[Opening Given material section]
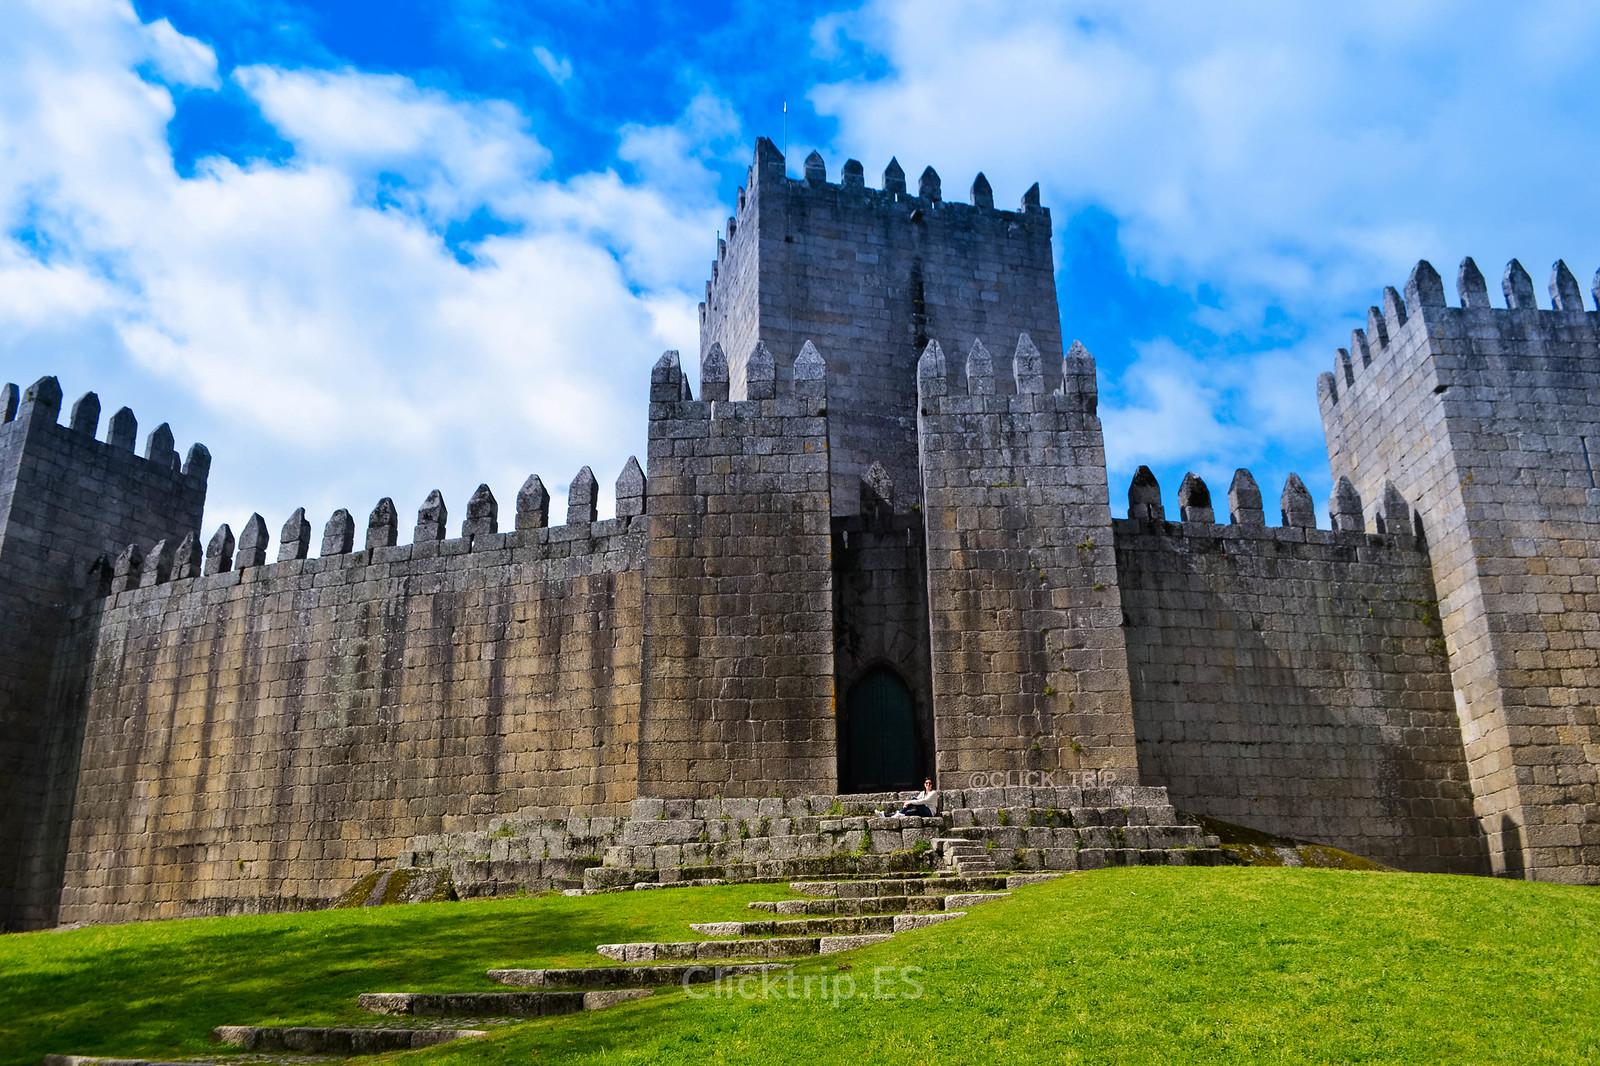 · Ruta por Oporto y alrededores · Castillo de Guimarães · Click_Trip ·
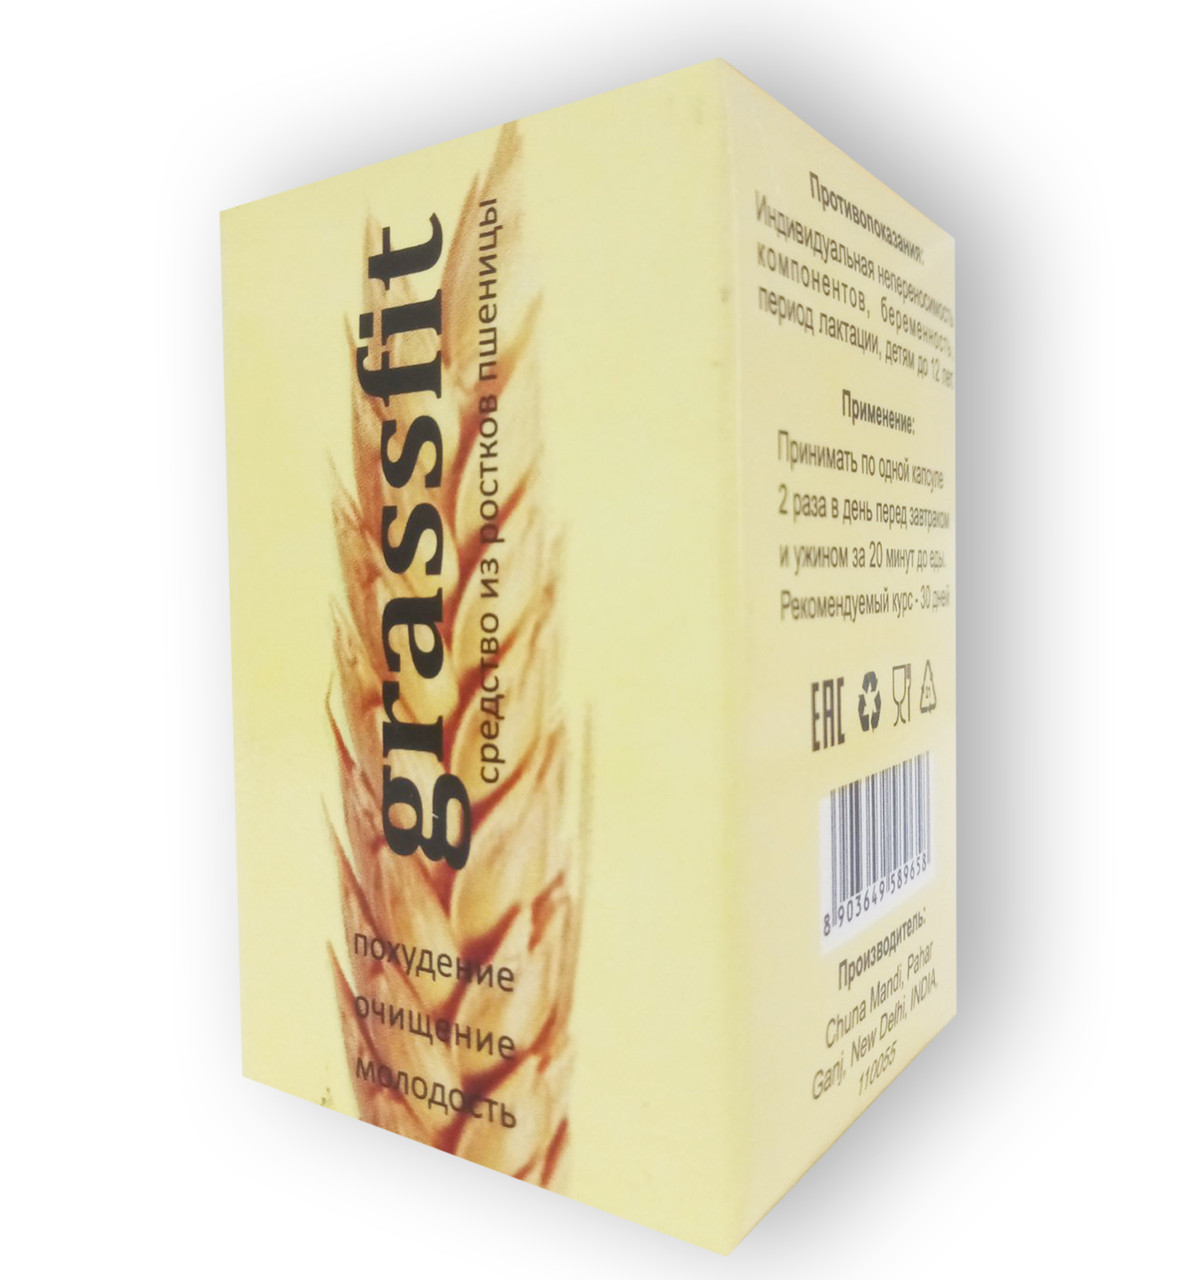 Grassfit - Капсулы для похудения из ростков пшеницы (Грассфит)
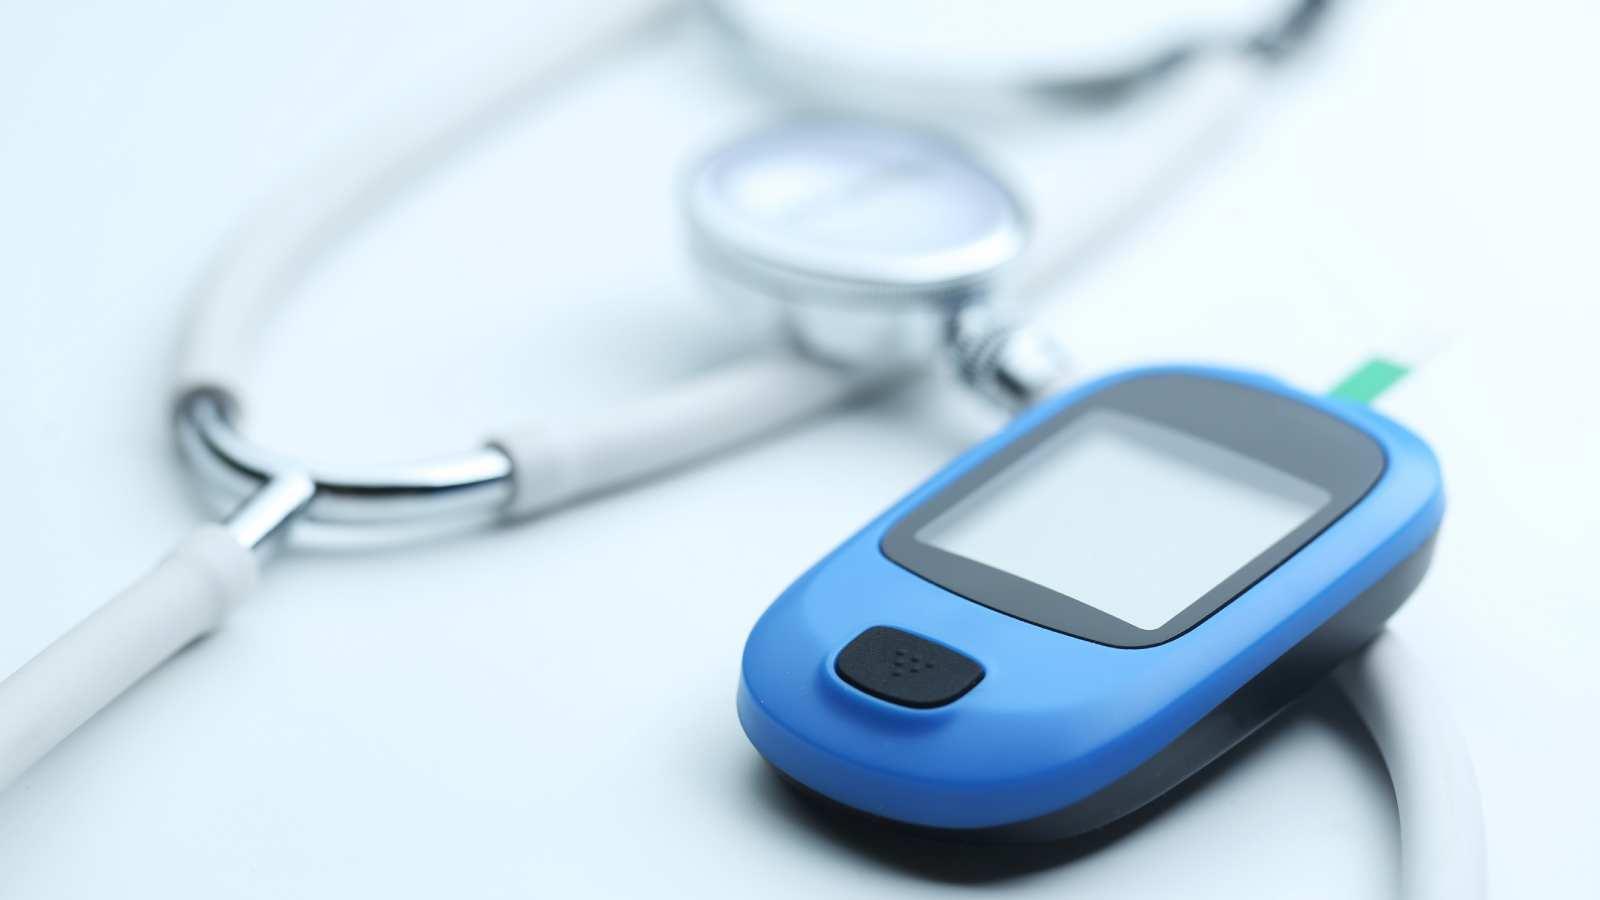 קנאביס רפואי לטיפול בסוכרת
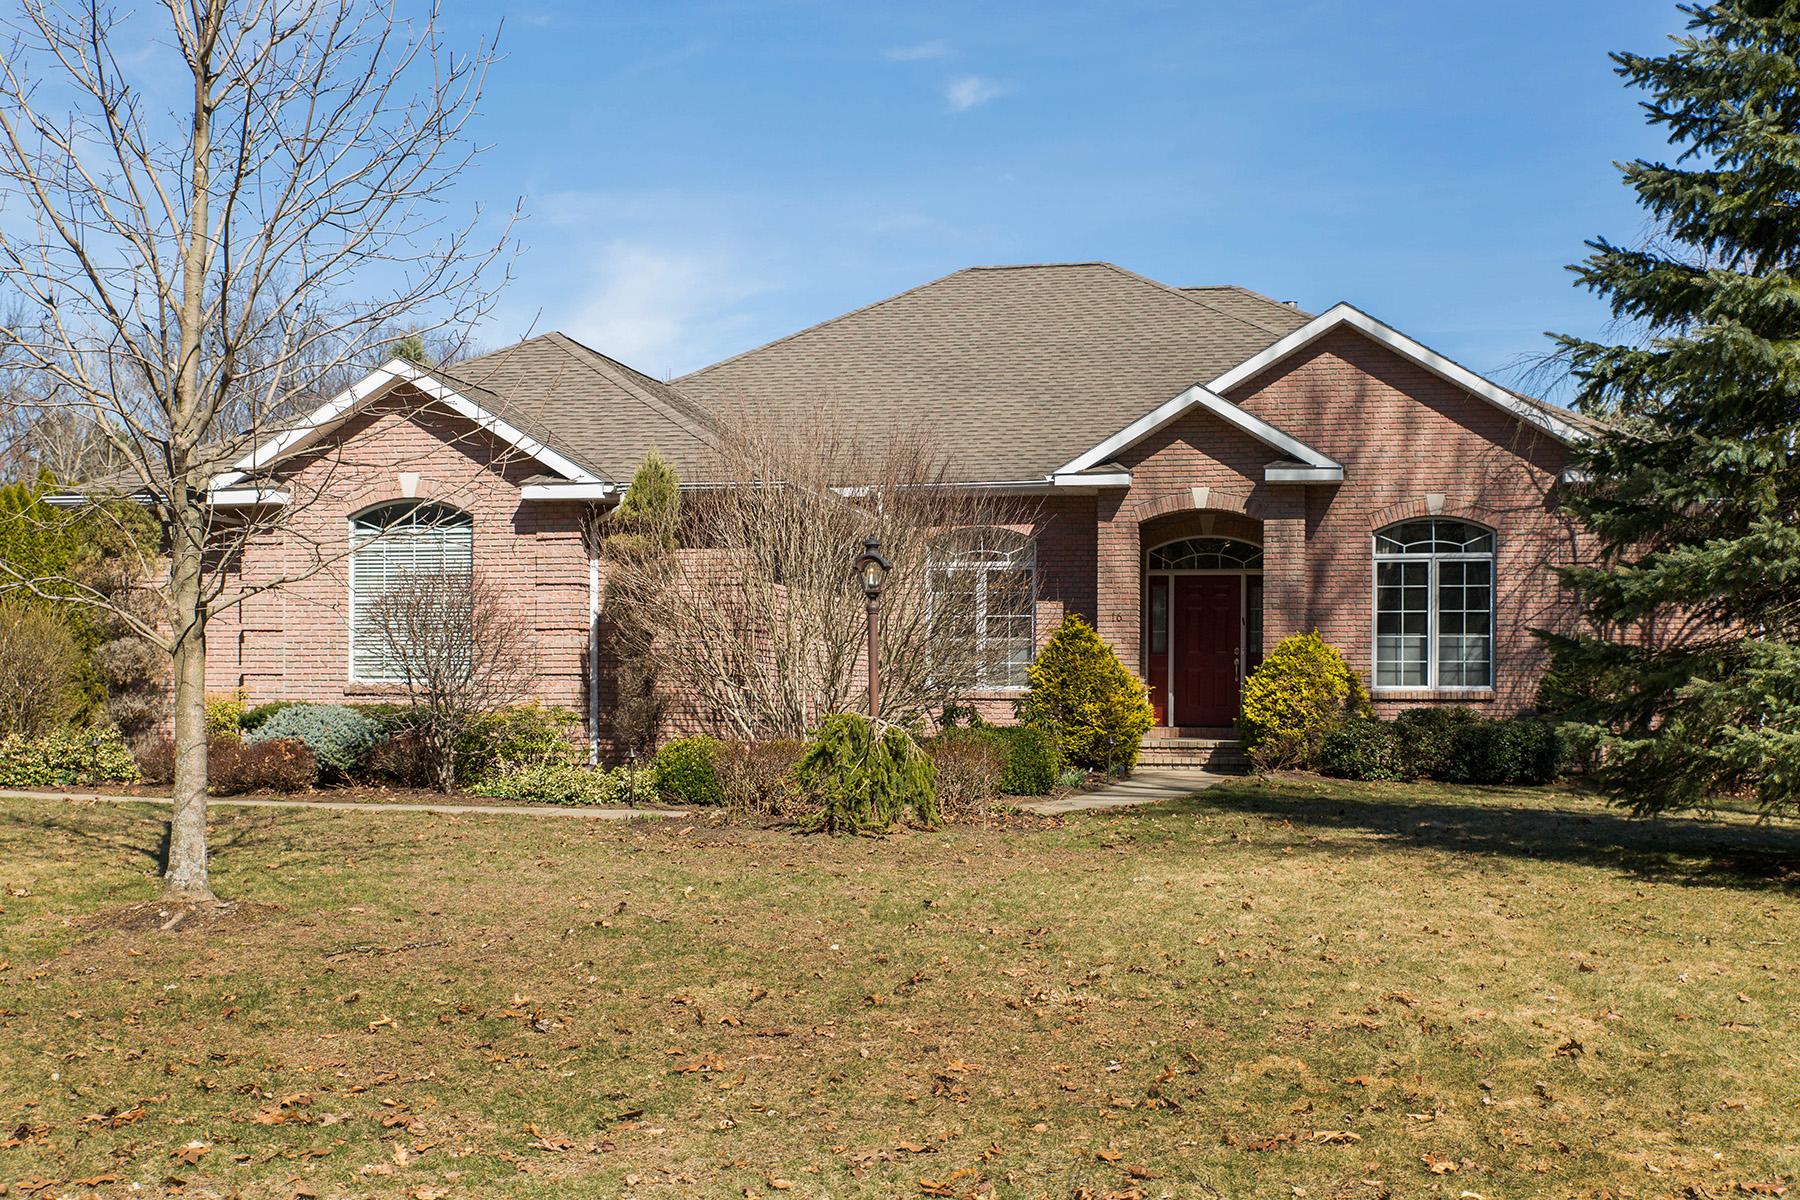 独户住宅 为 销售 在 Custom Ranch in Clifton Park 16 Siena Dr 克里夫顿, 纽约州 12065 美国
[Closing Given material section]
• **The problem**
From the line containing "קנאביס רפואי לטיפול בסוכרת" down to the final line of the material, restate every line word for word, and only those; drop the pictures.

• **Result of this exercise**
 קנאביס רפואי לטיפול בסוכרת
 独户住宅 为 销售 在 Custom Ranch in Clifton Park 16 Siena Dr 克里夫顿, 纽约州 12065 美国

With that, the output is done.